From this poem, autumn, fire, skull, high grass, even cattle are cast repeatedly into the rest of the collection. And when you come across them, a new interpretation colours the preceding one. The fire in the opening line here, surrounded by the words ‘autumn’ and ‘warm’ can be read as a pastoral ritual: burning-off time. The bucolic sense of chilled air with a scent of wood smoke has a cosiness to it. Writing as a leisure pursuit where there’s time for philosophising. Then ‘grey coarse ash / falling from the rough skin’. Something’s happened. Fallen red, orange leaves and autumn’s ablaze? But the colour has gone. Seeing ‘seneca’ above ‘white noises of rotor blades / to the sea and wagner’ a few pages on (‘APRIL’) throws me back to take a pile of burning leaves as the stoic self-immolation of Thích Quảng Đức. The Vietnam War? Napalm? The poet’s been attacked? He’s in a war zone? Poetry is getting serious as the disquiet of the unconscious memory and present poke about. A head enters:

simple, concrete, a head
of a person, an animal
moving
in the neck-high grass

,
but it’s not so simple; even something concrete ain’t so concrete enough to hold down. The high grass conceals something, it drowns the body, which is choking as a figure ‘takes aim … Now, the heart of a cross (+) / A sound, terse, metallic’. High noon for subject and object. Things intersect.

But this is not a poem, this is
			
an alphabet F
Like a bullet nudged into a cartridge: F!
F?   Faust?   Or Fate?
or Fortissimo?
FIRE!

It’s all only matter, perhaps. Words, letters are expendable in the pursuit of resolution. They furnish the confluence of events that cause both private and public attritions. (I read the above passage in my head as a kind of Taxi Driver soliloquy).
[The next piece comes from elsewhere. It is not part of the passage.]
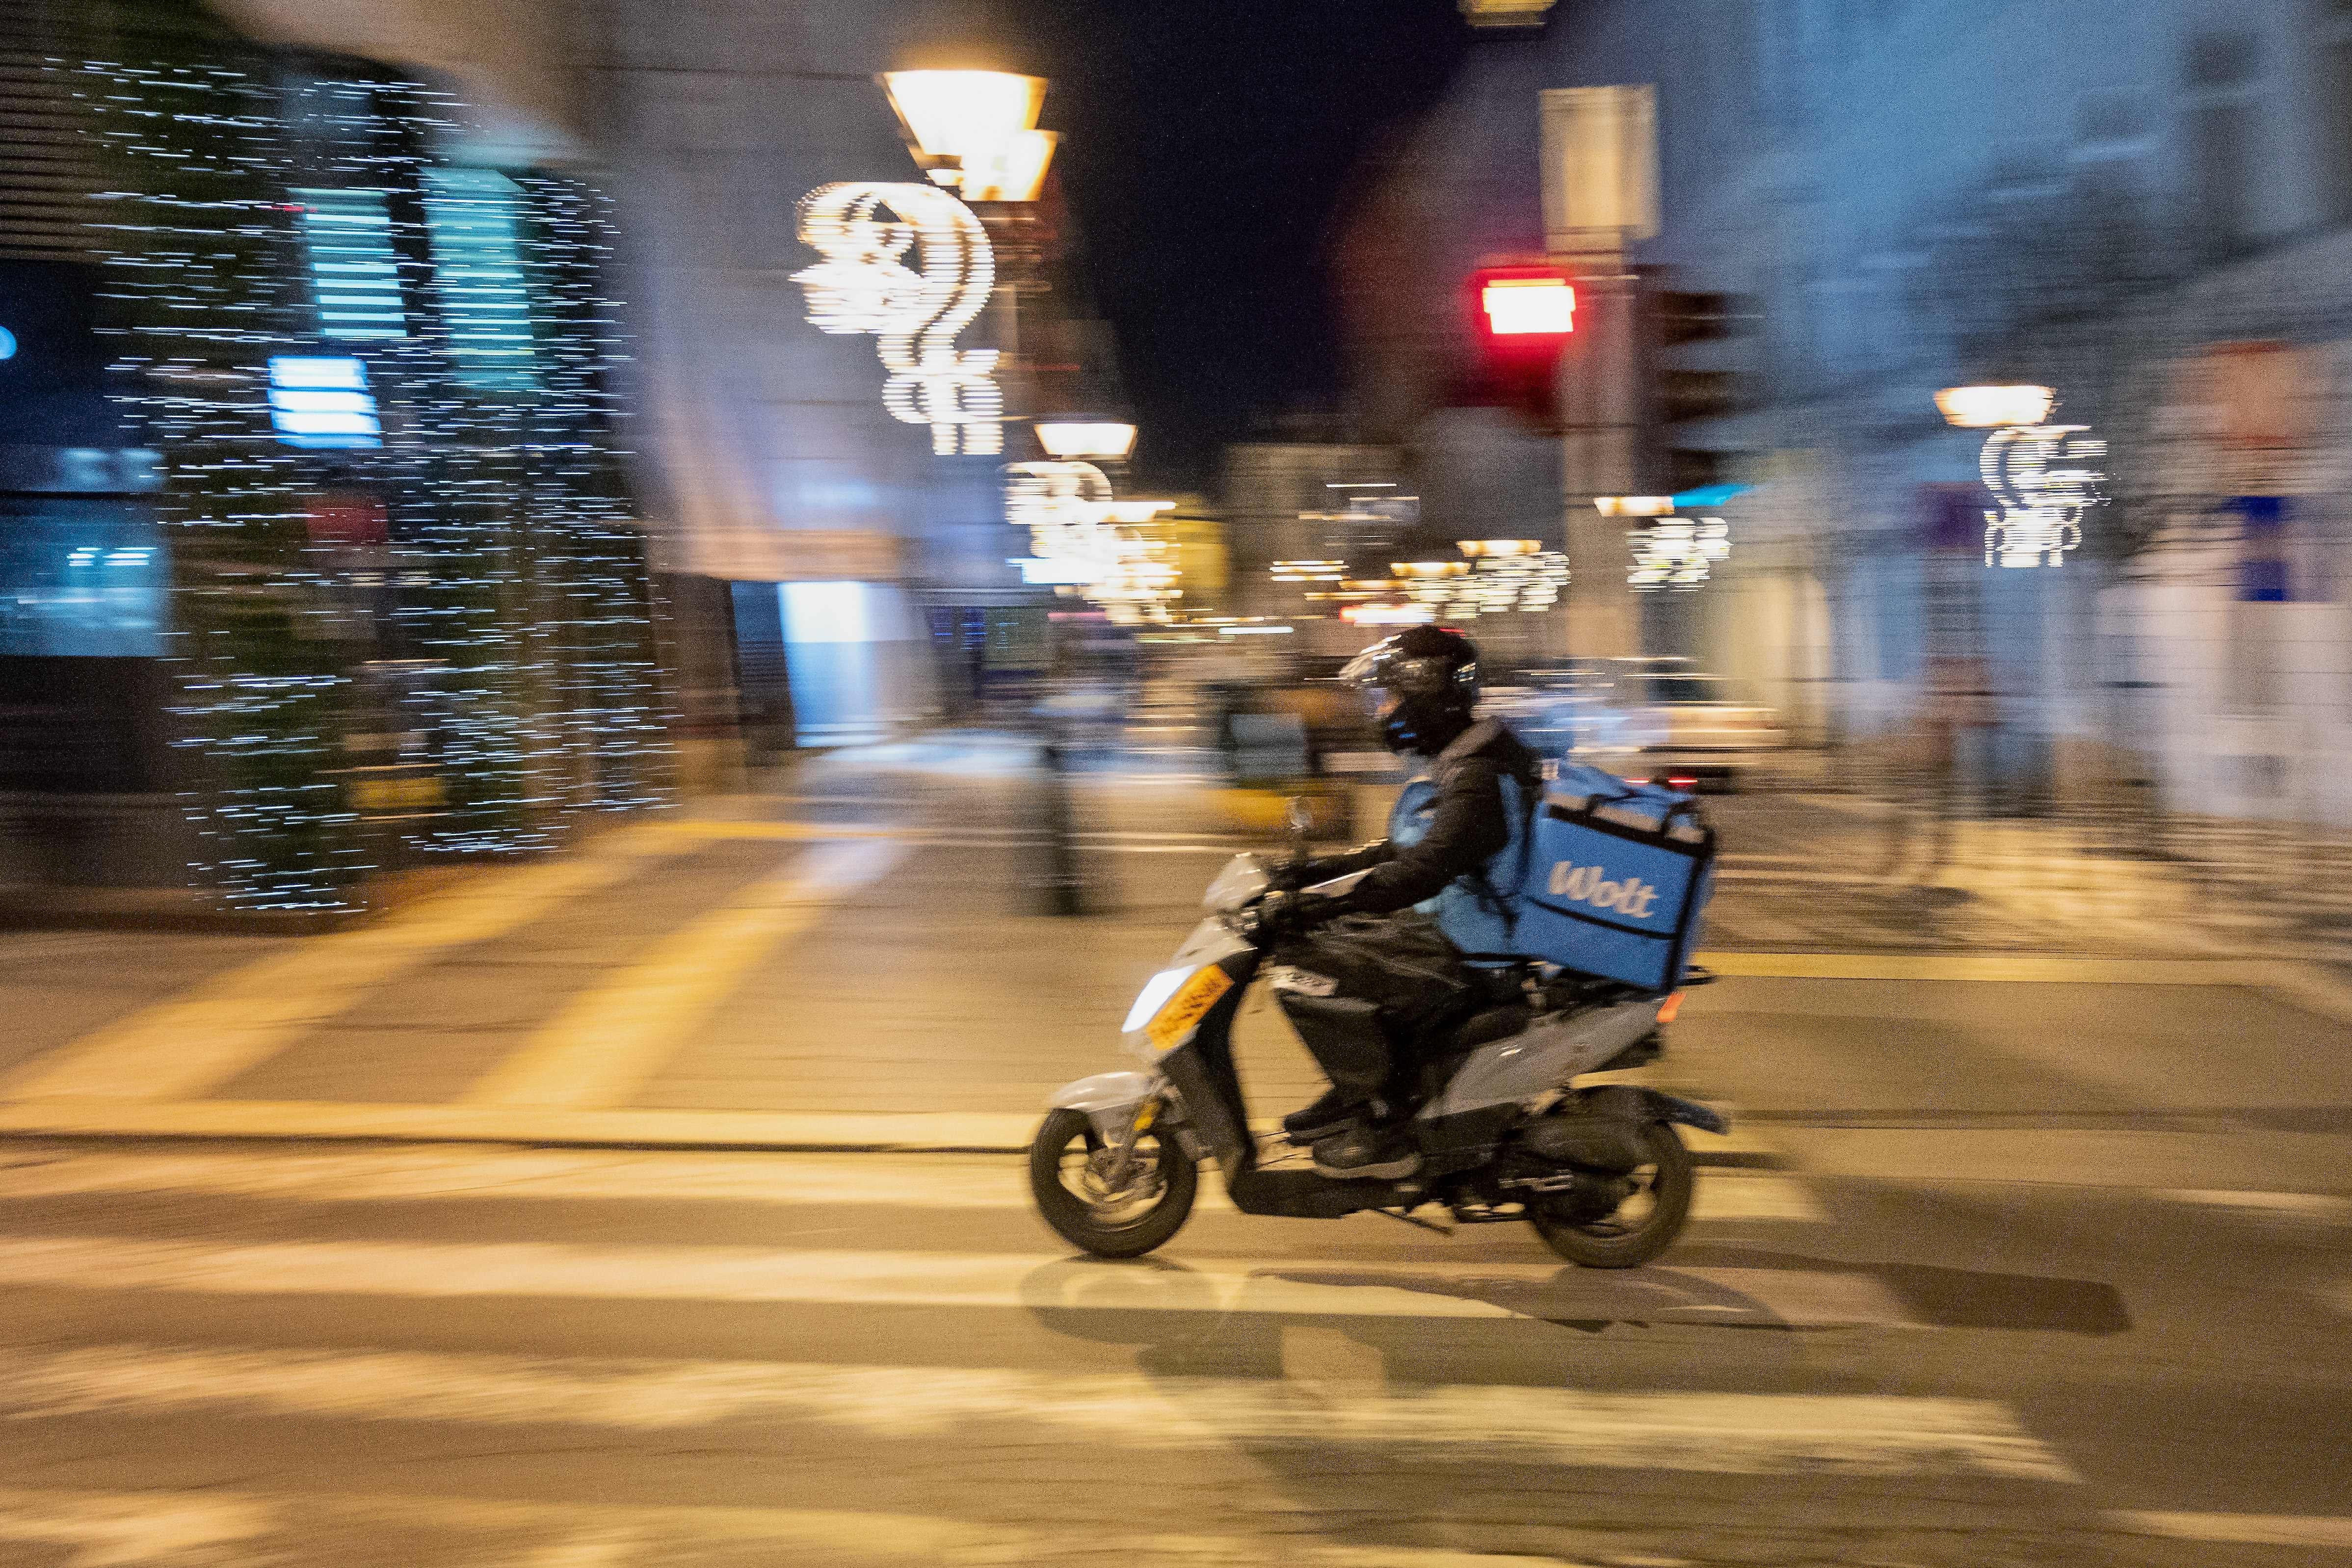 A food delivery bike courier blurred in motion through an empty street

Each letter may be no more useful than a wasted bullet after an elusive target, or a reckless spray in fear or last-defense, or anger. Joy? Each poem is no more than a jot in the body count ‘wincing from thousands / heading a scurry / to the footnotes’ (‘APRIL’).

The use of a polyseme; ‘FIRE!’, is another example of how Nguyễn sets a point that launches new lines of interpretation. Is it a warning? An order? A noun? Verb? An element? A transcendental gift? The high grass is not solely incidental as setting for a shoot-out. Nor is it just an ominous presence as flammable environment. Nguyễn brilliantly flattens the field of vision. In the last stanza of ‘AUTUMN WRITING’, the phrase ‘out of the clearing of the wood’ hints at a threshold, but again, it’s not as metaphorical stage set. Two pages later, there appear ‘bites / Neanderthal, but ewes [& carcass] and crows heralding / daybreaks’ (‘QUAGMIRE’), adding a few scattered Paleolithic references – the crossroads of our genealogy. This is where the changing climate saw the Neanderthal need to leave the forests to survive and, ‘like a toddler, before yet / another fall’ (‘AUTUMN WRITING’), take to the plains where Homo sapiens was better suited.